Akhirnya, pertempuran mencapai titik akhir. Pada tanggal 24 September 1877 dini hari, serangan pasukan pemerintah seolah mengguncangkan puncak Shiroyama. Pada pagi harinya, kekuatan para samurai Satsuma yang masih hidup hanya tersisa sekitar 40 orang. Mereka pun hidup dengan kondisi yang terluka, Saigo bahkan terluka di perut dan pahanya. Menyadari bahwa dia sudah tidak bisa berbuat apa-apa lagi, Takamori memutuskan untuk menemui kematian yang paling terhormat bagi para samurai, yaitu dengan melakukan seppuku atau harakiri. Jalan kematian dianggap paling pantas untuk menjaga kehormatan para samurai yang dilindunginya. Takamori kemudian meminta Shinsuke Beppu, salah seorang pengikutnya yang paling setia ke atas bukit Shiroyama. Disana Takamori mengakhiri hidupnya dengan melakukan harakiri atau merobek perutnya sendiri, dan sebagaimana tradisi seppuku, kepalanya dipenggal lalu disembunyikan oleh Beppu. Perbuatan Takamori ini seolah memberikan isyarat bagi para samurai-samurai bawahannya, bahwa harakiri adalah tindakan yang harus mereka lakukan saat itu. Setelah menyembunyikan kepala Takamori, samurai-samurai yang tersisa kemudian berbaris dan melakukan harakiri secara bersamaan (Rickman dan Norman, 1945:77).

Dengan demikian, ancaman pemberontakan terbesar pada masa pemerintahan Meiji yang dilakukan oleh salah satu golongan masyarakat terpenting di Jepang berakhir sudah.
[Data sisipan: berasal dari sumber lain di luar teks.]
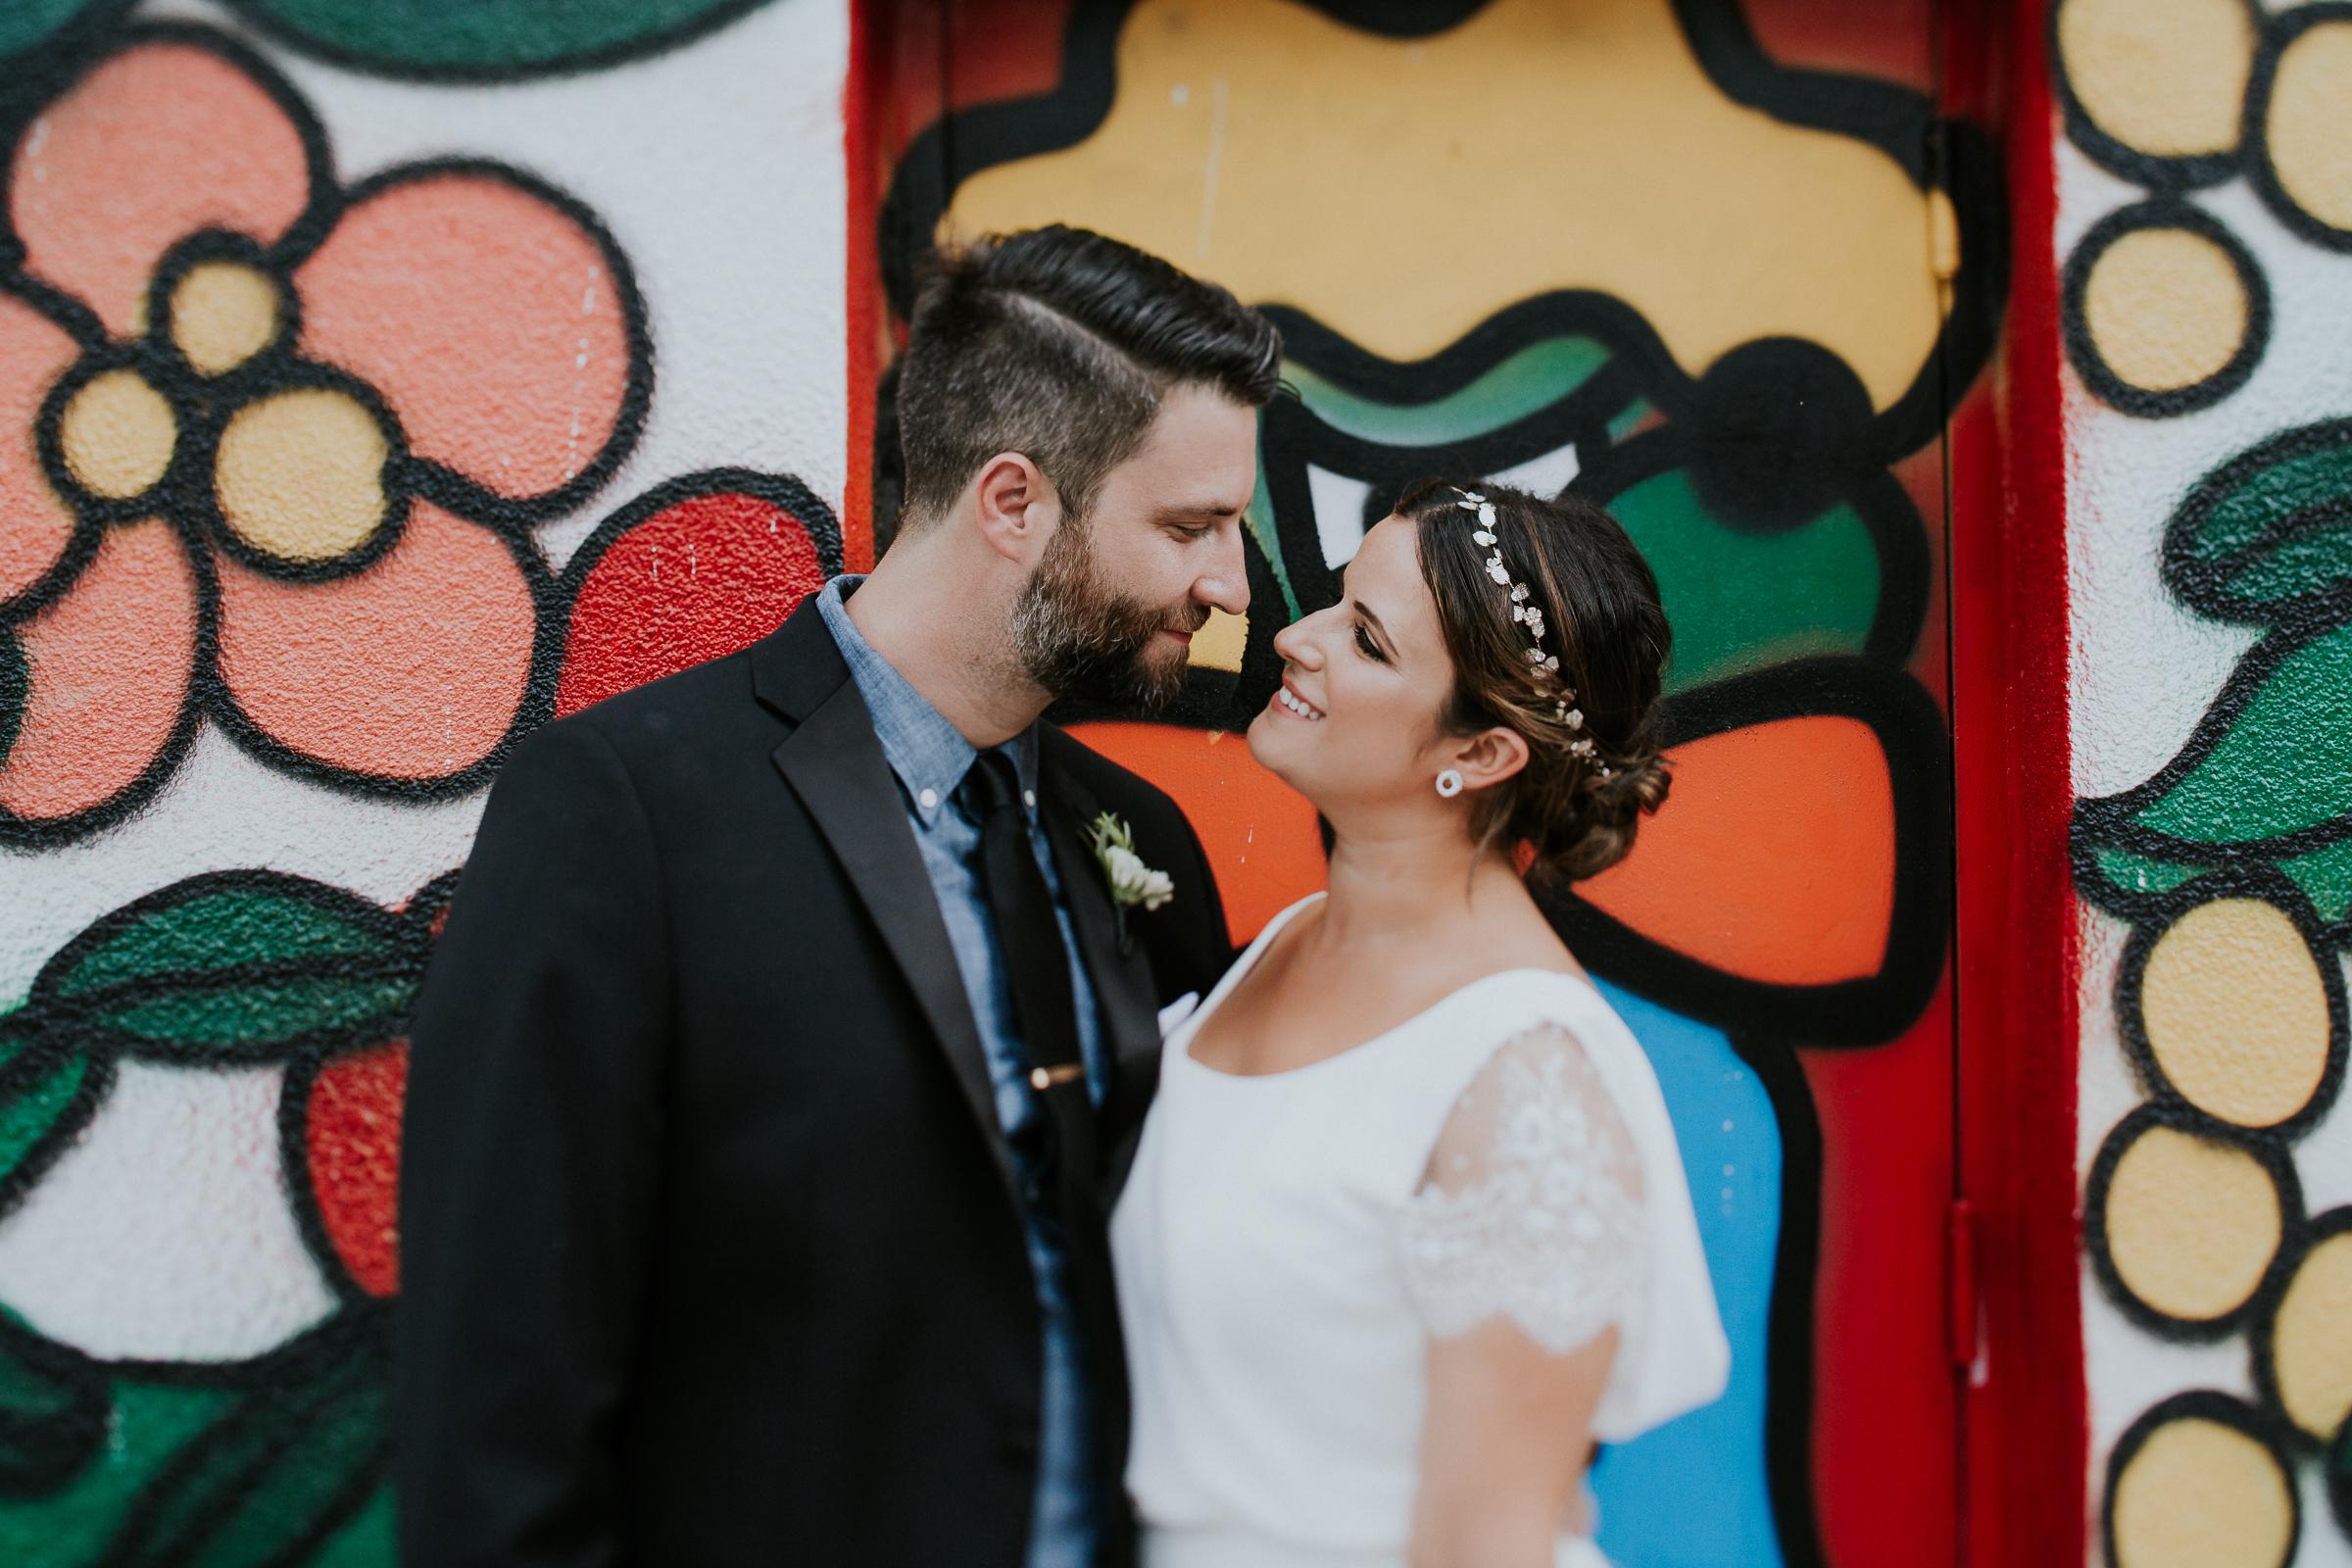 New-York-Documentary-Wedding-Photography-Best-Of-2017-by-Elvira-Kalviste-Photography-40.jpg

Sungguh suatu hal yang ironi, karena peperangan tentara pemerintah ini dilakukan oleh untuk mengalahkan satu golongan masyarakat yang telah lama dan sangat berjasa bagi perubahan dan perkembangan negara Jepang, walaupun sebenarnya tindakan yang dilakukan oleh para samurai itu bukan suatu hal yang dilarang dalam undang-undang maupun kode etik samurai. Para samurai yang memberontak dan menerima perintah di bawah pemimpin yang konservatif harus berperang melawan tentara pemerintah yang telah menggunakan persenjataan modern. Sedangkan para samurai Satsuma pada akhirnya tetap bertahan berperang dengan persenjataan dan strategi militer tradisional seorang samurai melawan para tentara wajib militer yang kebanyakan berasal dari kelas-kelas lebih rendah dari mereka (petani dan pedagang). Pemerintah tidak dapat menyalahkan tindakan mereka, karena apa yang mereka lakukan telah sesuai dengan aturan atau kode samurai. Orang-orang yang mempertahankan hidup dan berjuang demi aturan samurai adalah orang-orang yang terhormat.